К чести Дэвида, он никогда больше не возвращался к этой теме. Думаю, я так резко отреагировала на его слова прежде всего потому, что была безумно в него влюблена. И понимала, что если он будет и дальше намекать мне на возможность разрыва с женой и нашей с ним семейной жизни…
М-да, надежда и ожидание могут порой становиться невыносимыми, особенно когда ни на одну минуту не забываешь о том, что без одной минуты одиннадцать наша совместная жизнь, хочешь не хочешь, будет прервана. Потому что Дэвид никогда не сумел бы уладить этот конфликт между тем, чего он хотел, и тем, что никогда не смог бы бросить.

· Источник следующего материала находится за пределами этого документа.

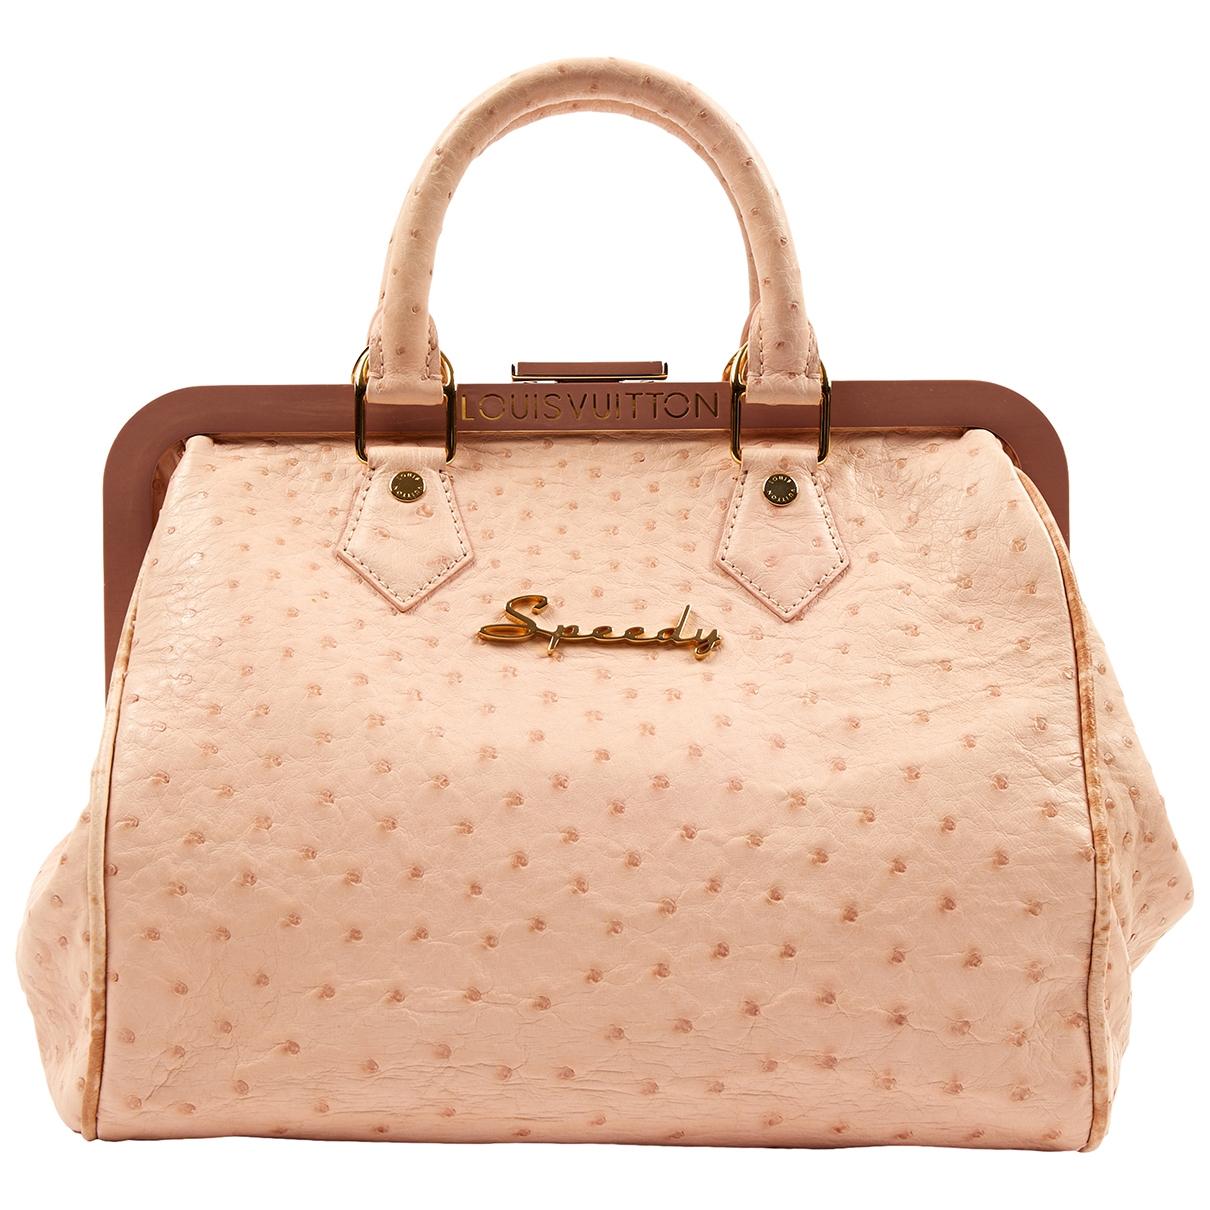 Louis Vuitton Speedy Handtasche in  Rosa Vogelstrauss

Четыре года с Дэвидом Генри…
Мы мастерски наловчились отделять нашу жизнь вне Гарварда от той, которую вели в университете. Когда я приходила в кабинет Дэвида на еженедельные консультации, мы занимались исключительно работой. Изредка мы могли обменяться заговорщической улыбкой, но при этом никогда не забывали, что это сугубо деловые встречи, и твердо придерживались этого принципа, ни разу не поддавшись искушению превратить занятия в любовное свидание. Встречая Дэвида в университете, я неизменно обращалась к нему «профессор» и вела себя официально. Кроме того, я с самого начала всерьез задумалась над тем, как ему лучше заметать следы, чтобы у жены не возникло подозрений касательно его отлучек. Тогда-то мне и пришло в голову сказать ей, что по вечерам Дэвид пишет книгу у себя в офисе, и купить автоответчик с возможностью дистанционного доступа, который он включал перед тем, как отправиться ко мне. Сообщив Полли, что в эти часы будет работать — и она может звонить ему на автоответчик, — Дэвид обеспечивал себе алиби.
Хитрость сработала. Полли доставала его звонками первые несколько недель, но потом поверила в нашу ложь. Дэвид «приступил к написанию» нового романа, который грозился начать последние лет десять…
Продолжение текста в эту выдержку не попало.